● Problem to work on
Images are not part of the copy; transcribe all the data exactly.

● Dataset extract
****************************************

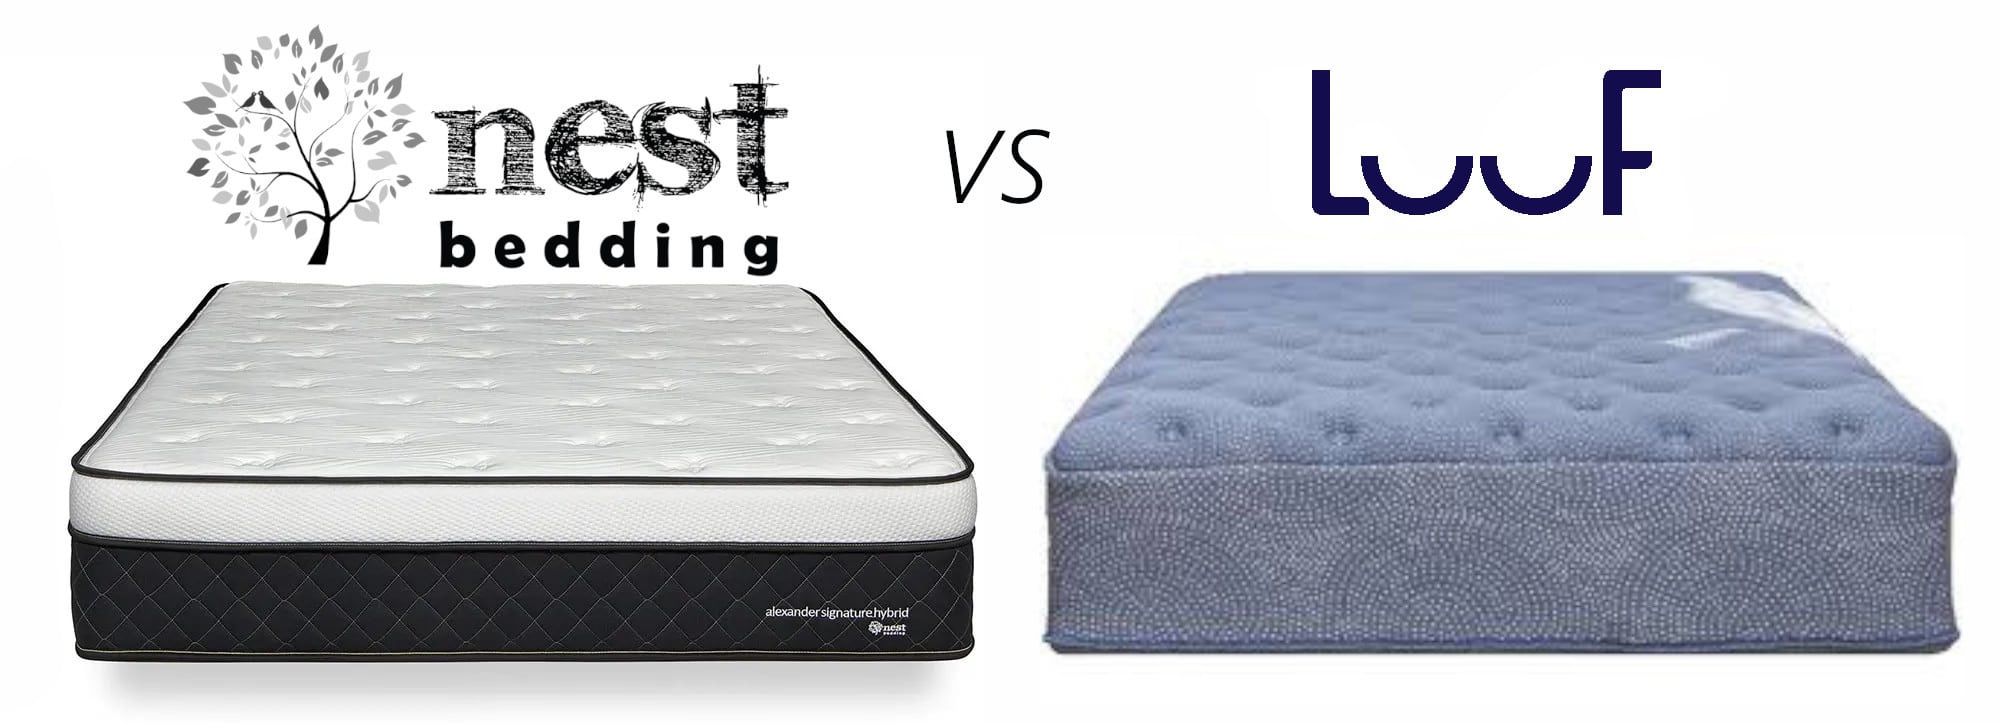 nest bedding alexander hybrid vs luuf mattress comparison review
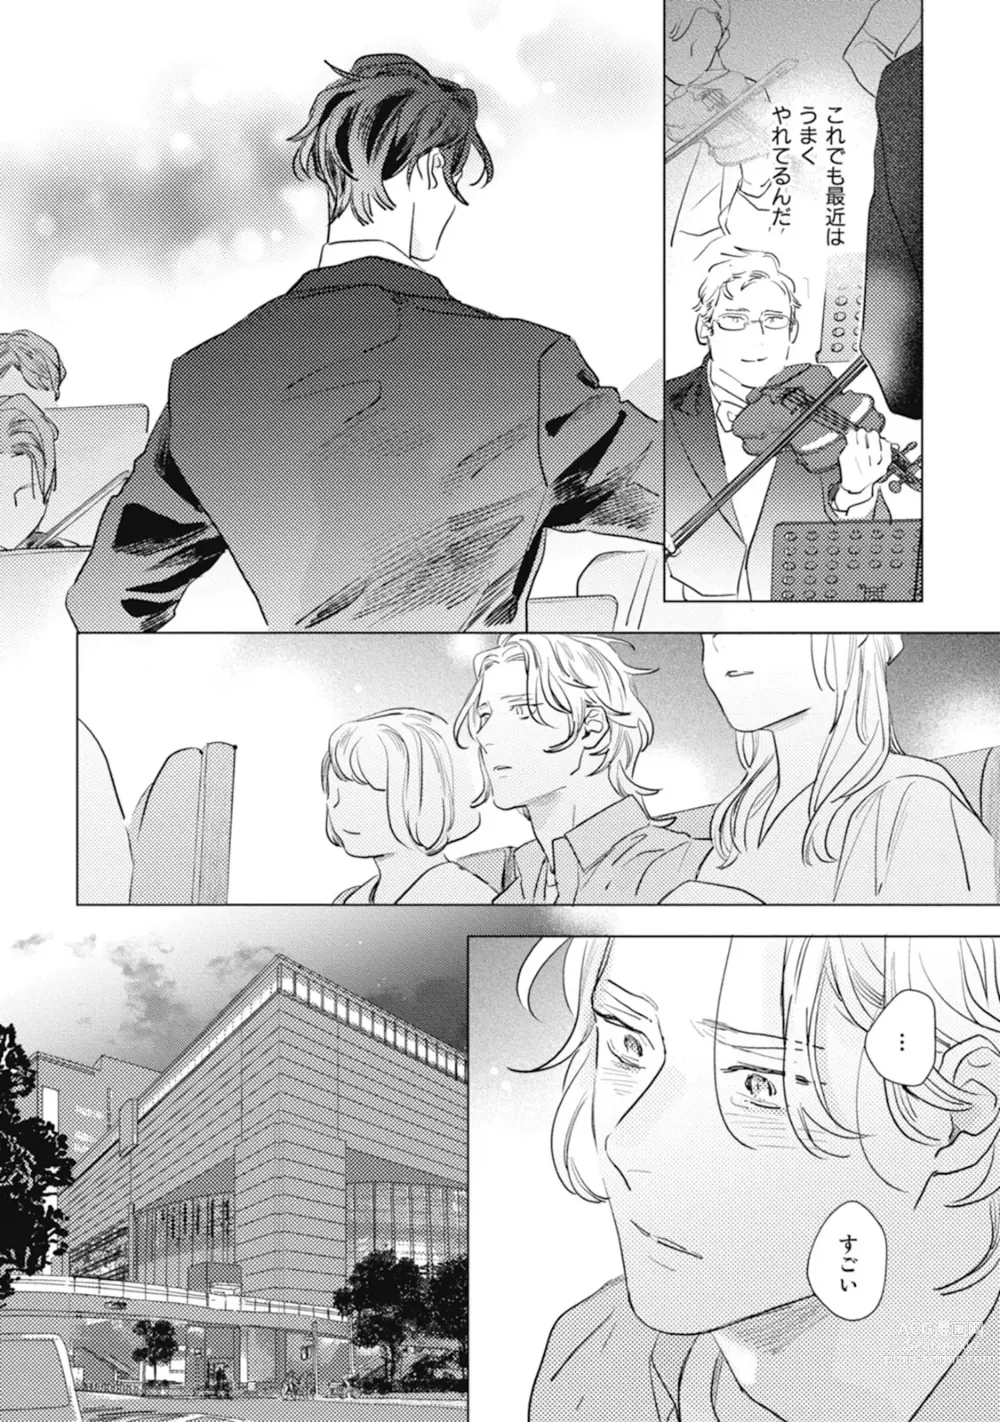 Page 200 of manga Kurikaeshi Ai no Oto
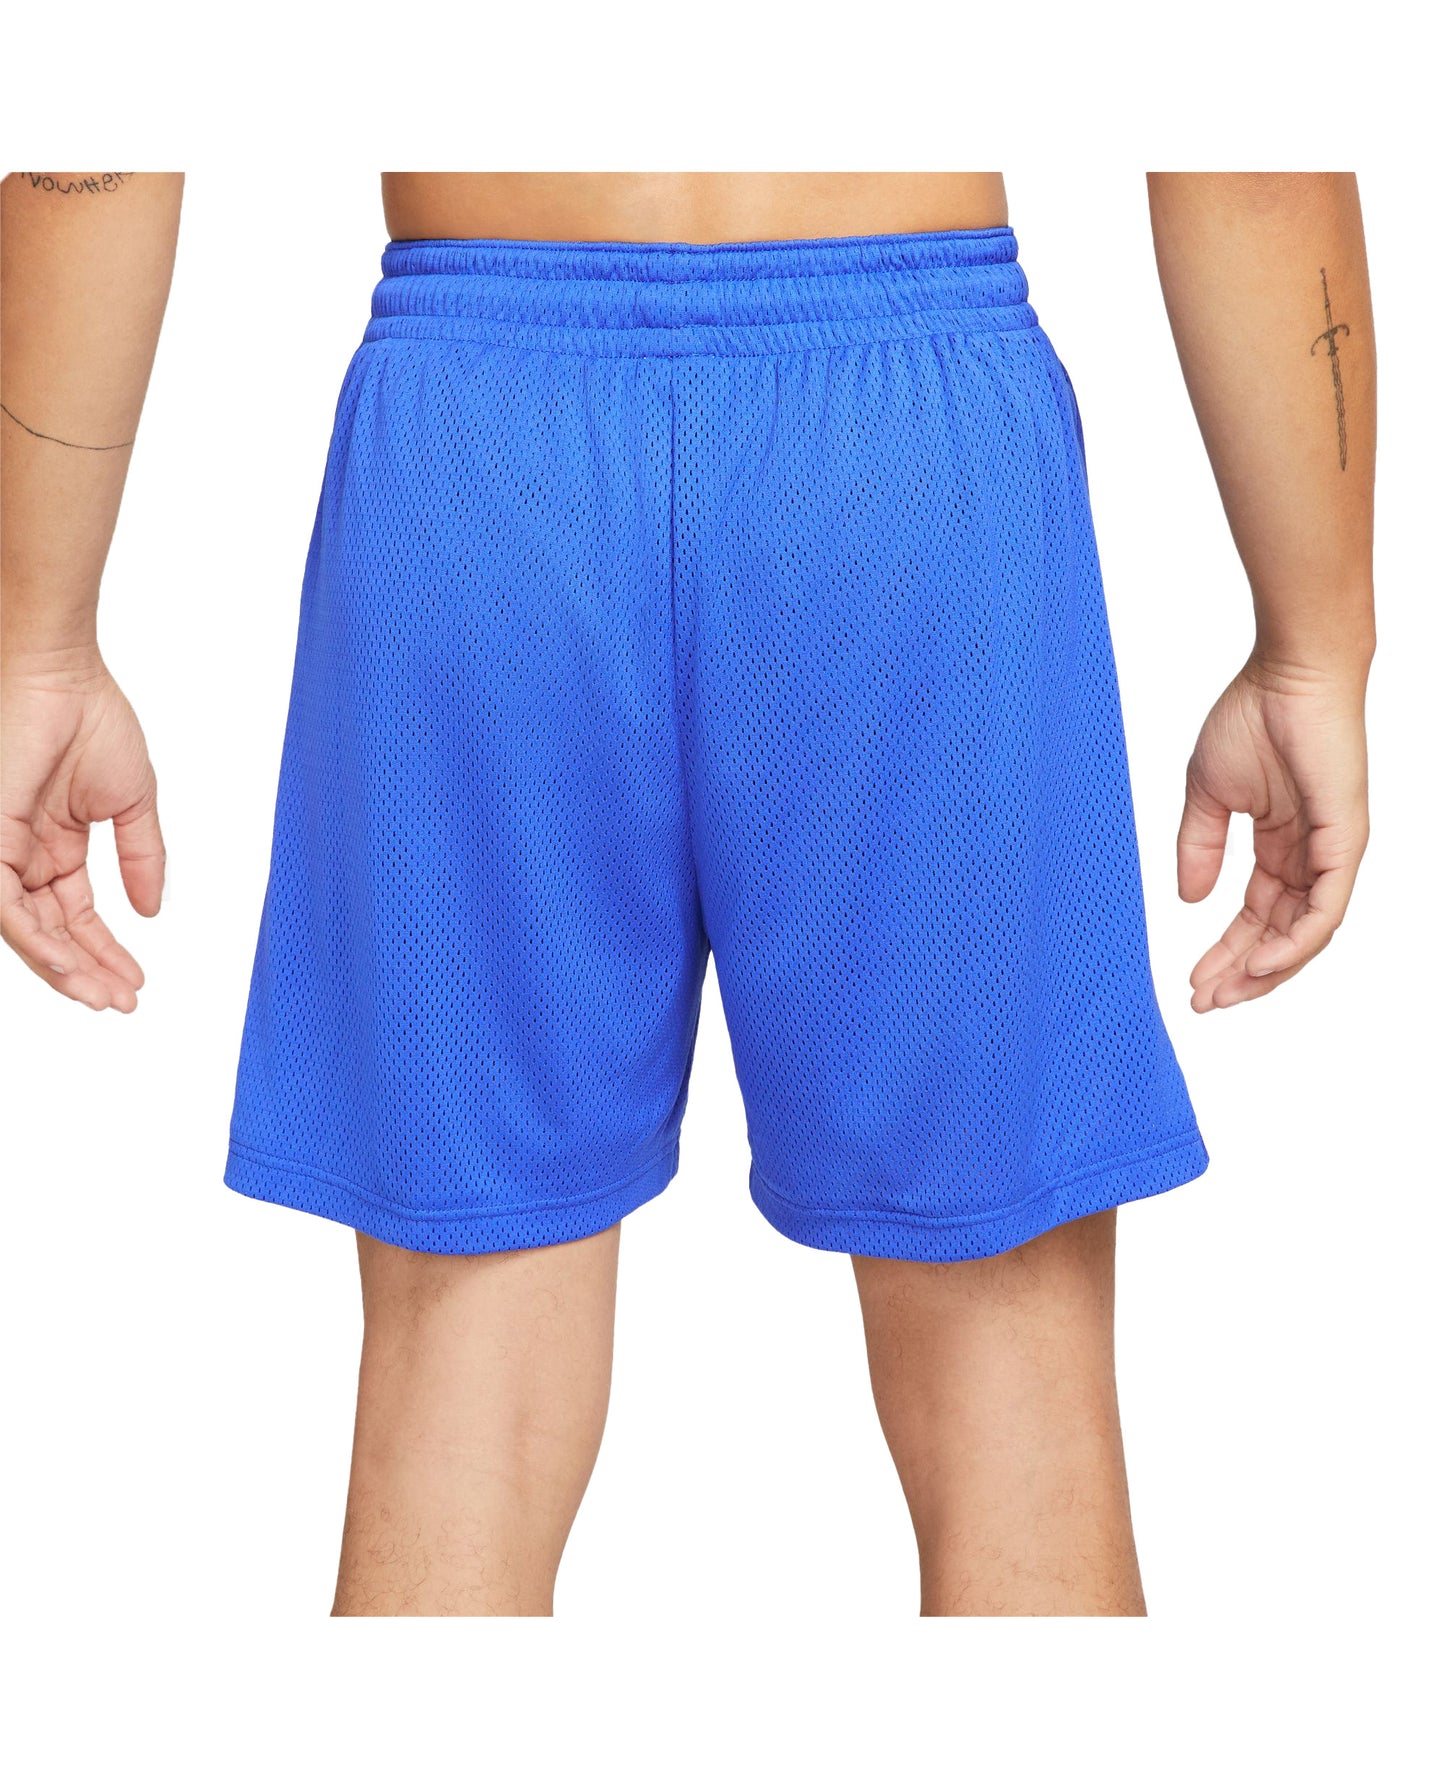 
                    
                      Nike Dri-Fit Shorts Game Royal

****************************************

● Task result
 nest bedding alexander hybrid vs luuf mattress comparison review
 Page 200 of manga Kurikaeshi Ai no Oto
                    
                      Nike Dri-Fit Shorts Game Royal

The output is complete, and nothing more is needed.